David Greenspan has appeared in his plays Dead Mother, She Stoops to Comedy, Go Back to Where You Are, I’m Looking for Helen Twelvetrees, The Memory Motel; his solo plays The Argument and The Myopia; solo renditions of Barry Conners’ comedy The Patsy, Eugene O’Neill’s six-hour drama Strange Interlude and Gertrude Stein’s experimental Four Saints in Three Acts; premieres and revivals, notably Terrence McNally’s Some Men, Jordan Tannahill’s Prince Faggot, Mart Crowley’s The Boys in the Band, Goethe’s Faust, three solo plays: Joey Merlo’s On Set With Theda Bara, Mona Pirnot’s I’m Assuming You Know David Greenspan, and Jerry Lieblich’s without mirrors. Honors include Guggenheim, Lortel, and Fox fellowships, Alpert, Lambda Literary, Helen Merrill Playwriting awards, a Ruthie, and six Obies.
NEW YORK CITY: Six writers for the American theatre have been awarded $35,000 Helen Merrill Awards for Playwriting, administered by the New York Community Trust. This year’s winners are Jonathan Payne, Lisa Sanaye Dring, Monet Hurst-Mendoza, Jennifer Kidwell, Rehana Mirza, and Ifeoluwa Olujobi. They represent a cross-section of the field, with writers whose work spans from Broadway to experimental theatre, from groundbreaking new plays to award-winning TV series. They will be honored on October 17 in a celebration at Joe’s Pub at the Public Theater.
The late theatrical agent Helen Merrill created this fund in 1999 to help playwrights explore their unique visions without the burden of financial pressures. Since then, the fund has made 115 awards totaling more than $2.6 million to writers with singular voices whose work is shaping the future of the stage, identified by a panel of leading theatre professionals.
PHILADELPHIA: On Oct. 20, Theatre Philadelphia’s Barrymore Awards celebrated the best of the 2024-25 theatre season in Philadelphia. Top winners were The Comeuppance at the Wilma Theater for Best Overall Production of a Play and Poor Judge at Pig Iron Theatre Company for Best Overall Production of a Musical. Best Direction of a Play went to Amina Robinson for her work on Intimate Apparel at Arden Theatre Company. Kyle Metzger was recognized for Best Direction of a Musical for Drip at Inis Nua Theatre Company. Acting awards for performances in plays included Matteo Scammell and Jered McLenigan, who both were awarded for their leading roles in Rift, or White Lies at InterAct Theatre Company. For musical leads, recipients were Max Gallagher for Drip at Inis Nua Theatre Company and Danny Wilfred for Gay Mis at Jaffe St. Queer Productions.

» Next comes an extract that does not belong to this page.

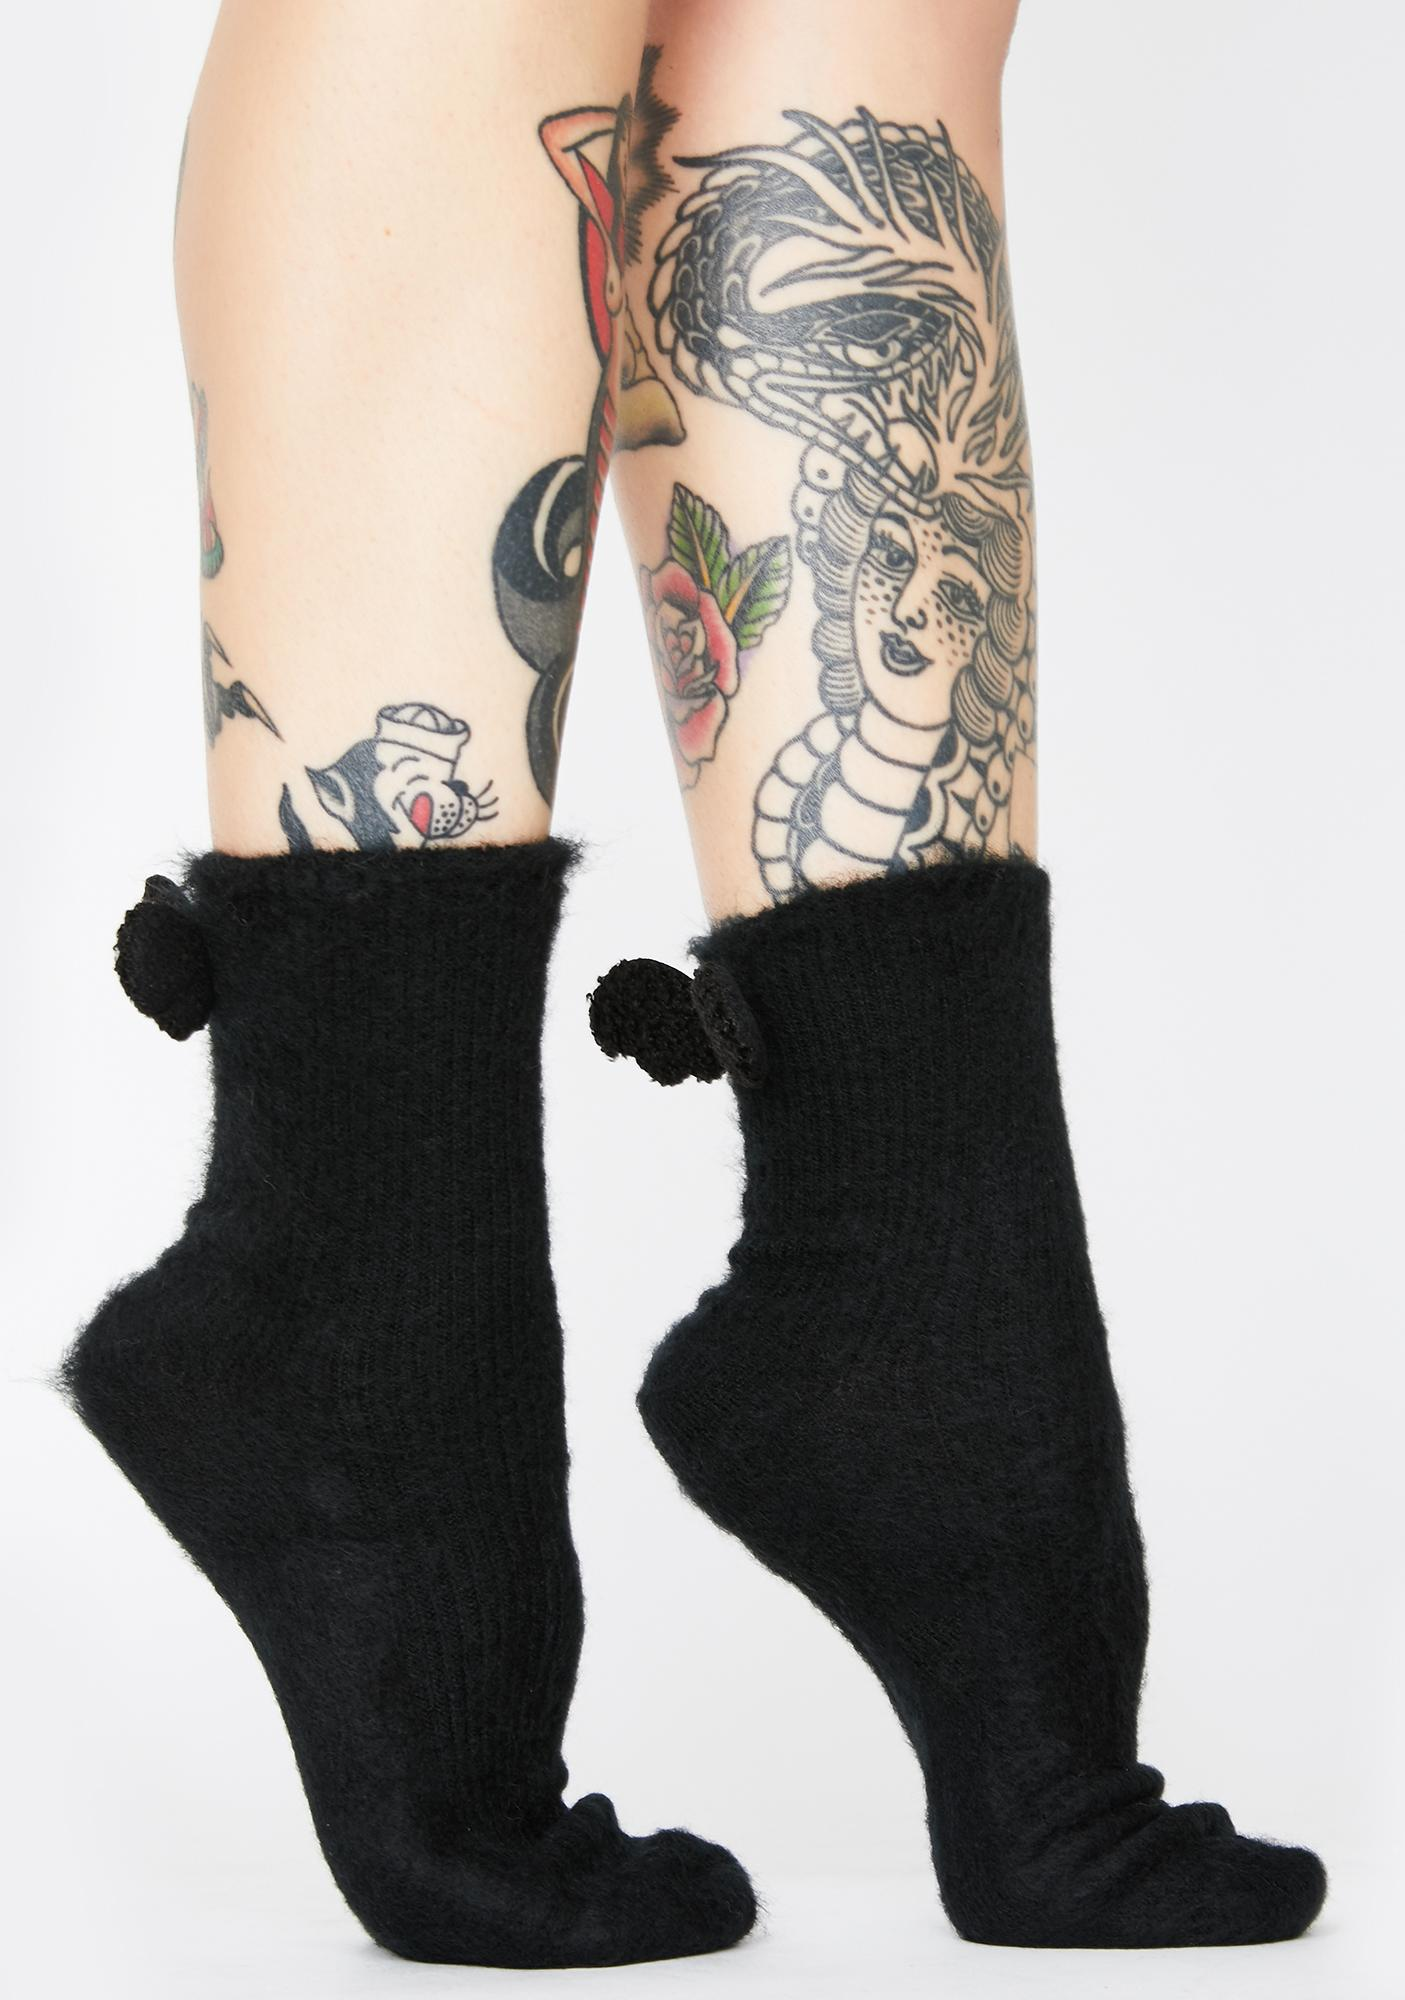 Dark Love Angel Fuzzy Socks With Wings

In awards for original work, Alex Bechtel received two awards, for music directing Pig Iron’s Poor Judge and for her original score on Peter Panto: A Musical Panto at People’s Light. Iraisa Ann Reilly was recognized for outstanding original production for her play January 6: A Celebration. A Bodega Princess Remembers Tradition, Not Insurrection at Simpatico Theatre. The Philadelphia Award for Social Insight, which acknowledges a production from any period or genre that demonstrates how theatre illuminates the way we live, interact with others, and build community, went to Nichos at Esperanza Arts Center. All Barrymore Awards recipients can be found here.
NEW YORK CITY: Stage Directors and Choreographers Foundation (SDCF), the not-for-profit foundation of Stage Directors and Choreographers Society (SDC), has announced that director Bartlett Sher will be honored with SDCF’s “Mr. Abbott” Award. This award, given in honor of director George Abbott, recognizes a director or choreographer for their outstanding contributions to Broadway. It will be presented at the foundation’s gala on March 23, 2026 at Gotham Hall in New York City.
Sher was nominated for the Tony Award nine times and won for his 2008 revival of South Pacific for Lincoln Center Theater, where he was recently named executive producer. Other Broadway credits at Lincoln Center include The Light in the Piazza, which premiered at Intiman Theatre; revivals of The King and I and My Fair Lady; the Tony-winning Best Play, Oslo by J.T. Rogers; and Aaron Sorkin’s adaptation of To Kill a Mockingbird, which became the best-selling American play in Broadway history. In opera, he has directed classics and new work. Most recently, he directed the world premiere of The Amazing Adventures of Kavalier & Clay for the Met Opera.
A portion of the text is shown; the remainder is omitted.